Seemingly conscientious of the damage her reputation suffered from her failure to make hard choices in 2008, Clinton released a whole book this year titled Hard Choices. It’s the kind of long book, mixing personal story and policy ideas, that you write if you’re about to run for president.

Yet the substance of the book doesn’t seem to fulfill the promise of the title. Columnist Frank Rich summed it up brutally:

Aside from money, which she does not need, and publicity, which she also does not need, what is the motivation to write and strenuously promote a memoir that obscures more than it tells and that is not so much a personal statement about the hard choices she has faced as a string of uncontroversial position papers salted with upbeat anecdotes?

After the book rollout, Clinton went on to do an interview where, among other things, she criticized the way the Obama administration has handled rising conflicts in Syria and the Middle East . Within days, the Obama camp was firing back, and she rescinded the critique.

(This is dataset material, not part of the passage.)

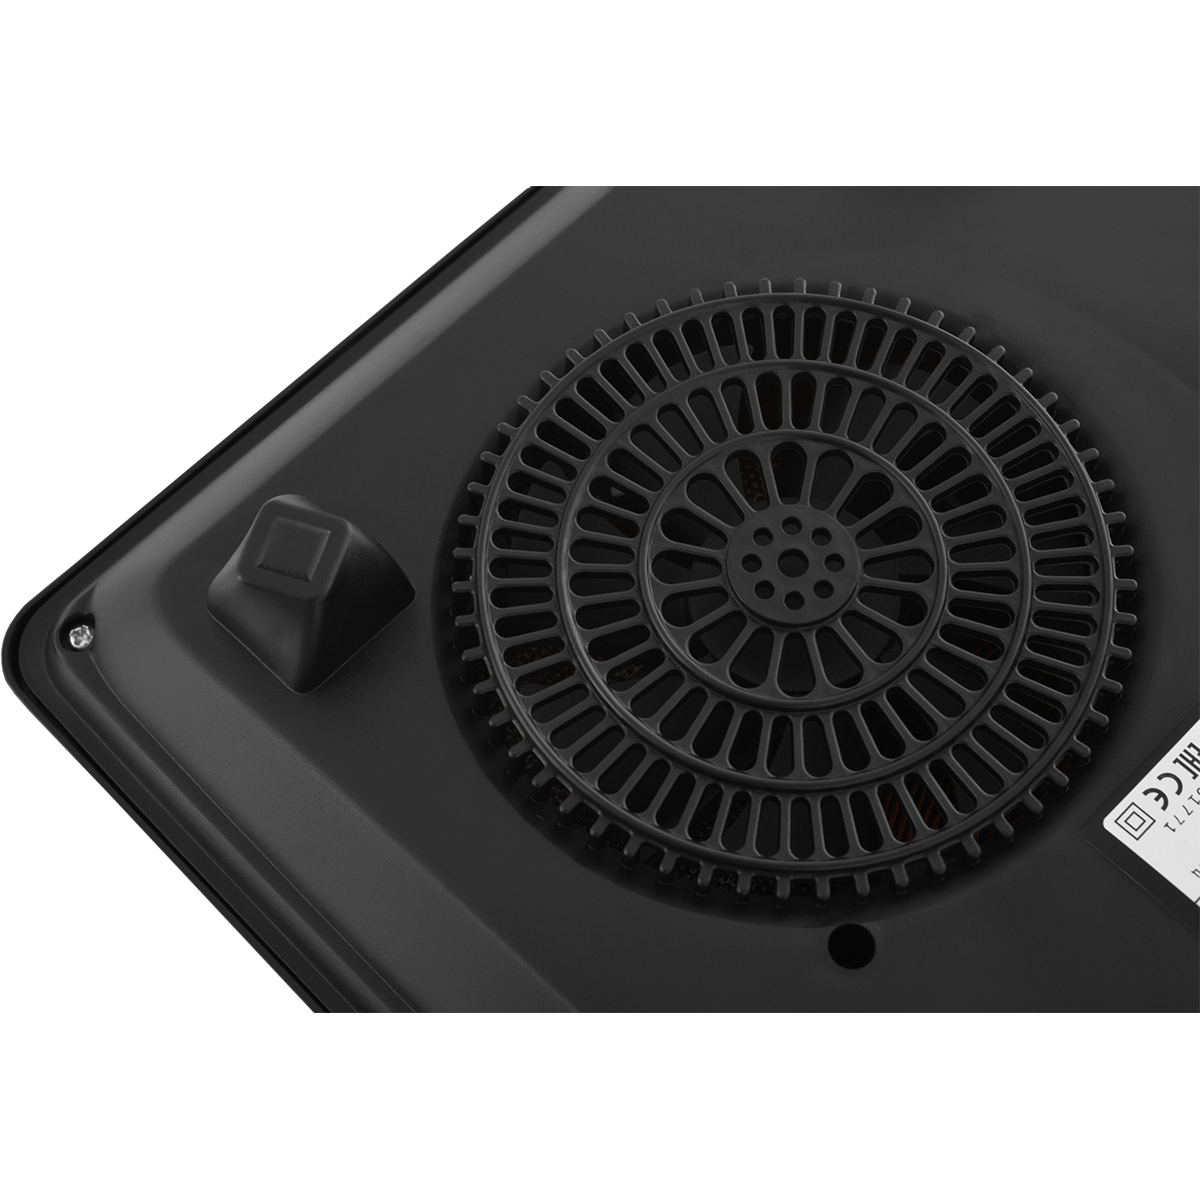 картинка Настольная плита индукционная ZUGEL ZIHF60B, черная

This incident is an obvious example of how being more decisive could have benefitted the Clinton political brand — but it also provides an outstanding opportunity to show how that decisiveness could be achieved:

  1. Clearly identify your goals: Do you want to create distance between yourself and the president, who is a member of your party and has the biggest personal political brand of anyone in the country? Differentiation can be crucial for a brand, so maybe you do.
  2. Identify how you’ll reach those goals: Will you differentiate yourself along foreign policy lines, for example? That would certainly seem to be a good choice for someone who’s now trying to build her own brand based on her experience as secretary of state. Now maybe you look for an interview where you can talk about those foreign policy issues.
  3. Don’t get sidetracked: You want your goal, and only your goal, to be what makes headlines. So don’t say anything else controversial. That way it’ll stick out.
  4. Game it out: Once you do say something controversial, what do you think is going to happen? What else might happen? How will you respond to, say, one of the president’s allies getting defensive? You’ll likely take a little hit there, so decide ahead of time whether it’s worth the benefit of the differentiation.
  5. Stick to the plan: Once you’ve set your action in motion, stick to it. Either way you’ll take a hit from the president’s camp, but making the critique and backing off it will mean you don’t get the value it was supposed to bring either.

Without being on the inside, it’s hard to say at what point in this process there was a breakdown in the Clinton camp’s approach (or if her team even agrees with my assessment that they didn’t get much advantage out of this episode). But given the results from the last campaign, and the evidence from the commercial branding world, it’s an approach I would recommend Clinton take a close look at revamping, heading into the 2016 cycle.